Blaise Pascal, valendo-se da sua peculiar racionalidade e para a surpresa dos irmãos de fé, buscou convencer os seus contemporâneos que é melhor acreditar, mesmo sem qualquer prova, na existência de Deus do que não acreditar. Criou uma espécie de fideísmo, que, mais tarde, se convencionaria chamar de “aposta de Pascal”.
Os argumentos usados pelo gênio científico e filosófico do século XVII não foram simplistas, pois, para Pascal, estava claro que se há um Deus, ele estaria para além da nossa compreensão, e que as provas da sua existência não residiriam nas crenças do teísmo cristão expresso nas “sagradas escrituras”. O ponto de partida usado por Pascal foi que “não há provas de que Deus existe” e “nem de que Deus não existe”. E assim ele propôs (e convenceu em termos) que é irracional não acreditar em Deus, uma vez examinadas as alternativas: 1-Deus existe e acredito, ganho o infinito; 2- Deus existe e não acredito, perco o infinito; 3-Deus não existe e acredito, o que perco não é significativo; e 4-Deus não existe e não acredito, o que ganho não é significativo.
Qual é a melhor aposta? Excluída a possibilidade de “não acreditar que Deus existe, nem que não existe”, a confortável posição agnóstica, é melhor apostar na existência de Deus (a aposta 1). Não há dúvida que é a mais vantajosa das quatro alternativas dadas por Pascal. O ganho é infinito e a perda negligenciável, caso esteja errada. Entre ganhar o infinito ou perder o infinito, torna-se irrelevante ganhar ou perder ninharias. Mas, é evidente que a posição pascalina tem senões: quem pode garantir que acreditar na Divindade sem provas, exceto para um crente, seria uma boa e não sem consequências? Talvez buscar evidências que o crente vive melhor do que o não crente pareça mais adequado.

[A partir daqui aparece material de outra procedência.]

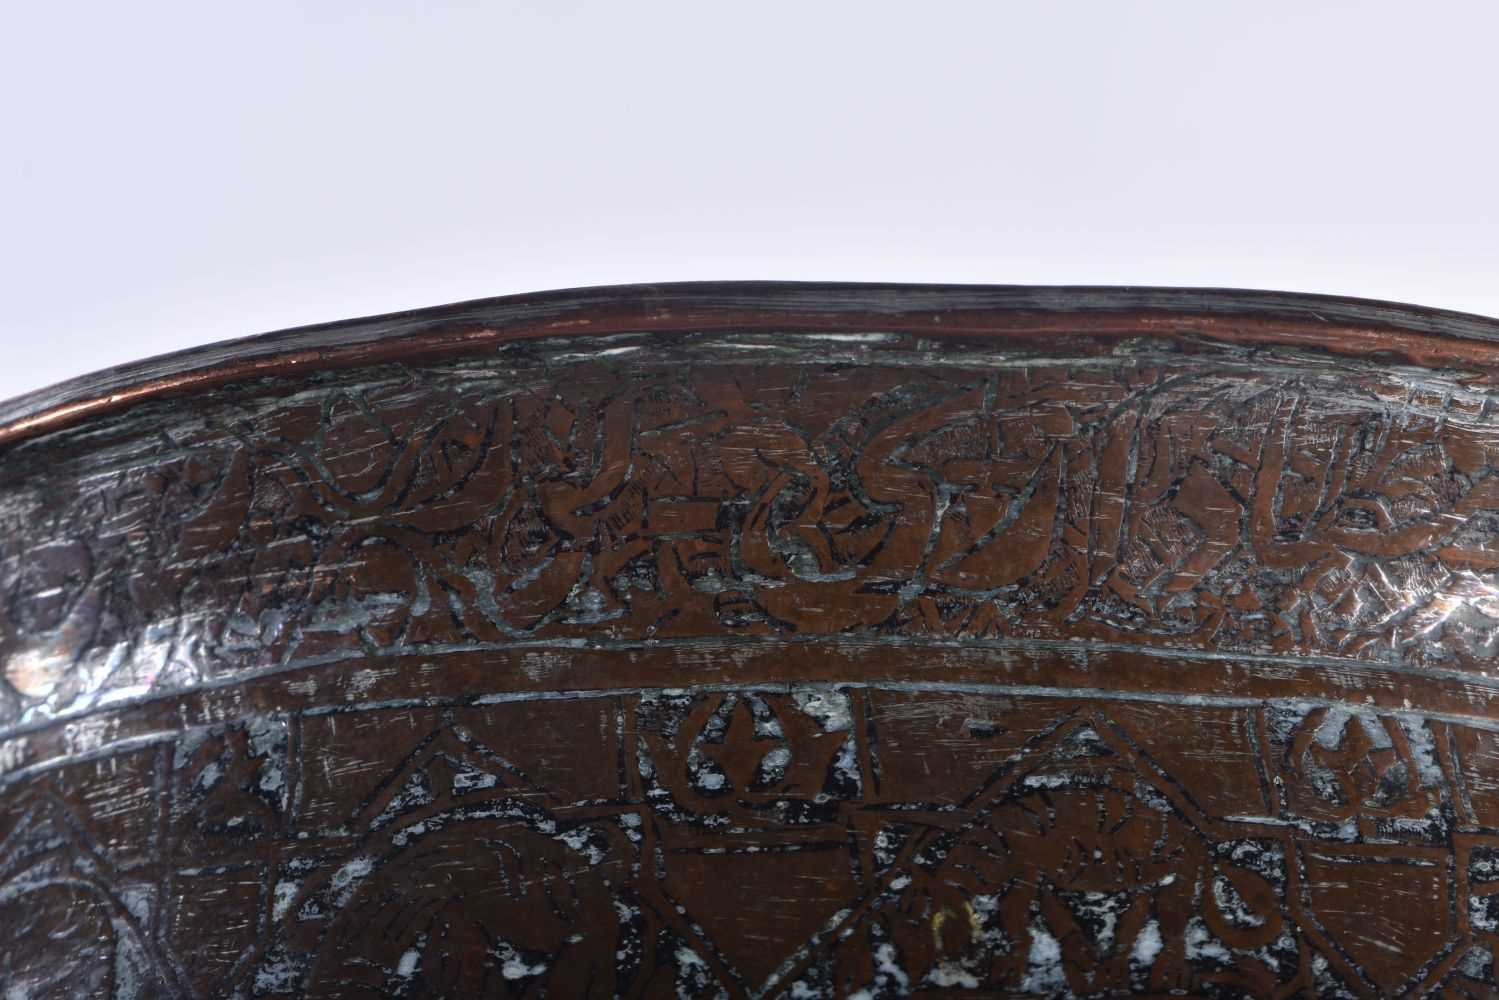 A 16TH/17TH CENTURY PERSIAN ISLAMIC MIDDLE EASTERN BRONZE COPPER ALLOY BOWL AND COVER decorated - Image 7 of 10

Mas, nem Pascal e seus pensamentos e nem acreditar ou não acreditar em Deus são preocupações do colunista por ora (Deus é tratado com mais conhecimento de causa pelo vizinho dessa página). O alvo é outro: mudança do clima global. Qual a melhor aposta? Insistir no negacionismo explícito ou aceitar como fato e fazer alguma coisa? A estrutura da aposta de Pascal se prestaria para esse tipo de análise?
Admitamos que, apesar dos recentes relatórios das Nações Unidas sobre a mudança do clima global e do atlas de mortalidade e prejuízos econômicos causados por eventos climáticos extremos no mundo desde 1970, que estão consubstanciados em milhares de artigos científicos e em evidências empíricas de toda ordem, ainda se possa considerar com alguma razoabilidade a dúvida sobre a necessidade de intervenção política e a tomada de medidas para atenuar os problemas de ordem climática que afligem a humanidade. Então que tal, ao estilo Pascal, colocar essa questão nos moldes da famosa aposta do século XVII? O que você acharia mais adequado: aceitar algo falso, pois mudança do clima não existe (como pregam os negacionisas)? Ou rejeitar a verdade, em caso de a mudança do clima estar em curso e ser causada pela atividade humana (como afirma a maioria dos cientistas)?
Parece-nos mais sensato, seguindo Pascal, aceitar a mudança do clima como causada pela atividade humana e fazer alguma coisa do que insistir em negar e correr o risco de perdas irreparáveis. Não há razão que nos pareça plausível para rejeitar algo que nos aponta que temos um problema e precisamos lidar com ele. Que aceitar, independente de questão de provas (há suficientes, mesmo que existam incertezas), os benefícios podem ser muitos (infinitos como diria Pascal), se verdadeiro. E ainda, que as alternativas, no caso de ser a mudança do clima um falso problema, podem, no máximo, acarretar poucos benefícios ou perdas pequenas, não sendo as mais atrativas.
Insistir para além da dúvida razoável, não nos parece a melhor escolha. Mudança do clima exige inteligência estratégica, inovação e abre caminhos para o empreendedorismo. Ainda que um dia venha ser provado que a mudança do clima nunca existiu (algo que não acredito, por ora), é melhor apostar nela!
Em tempo: Pascal era “terrivelmente” Cristão.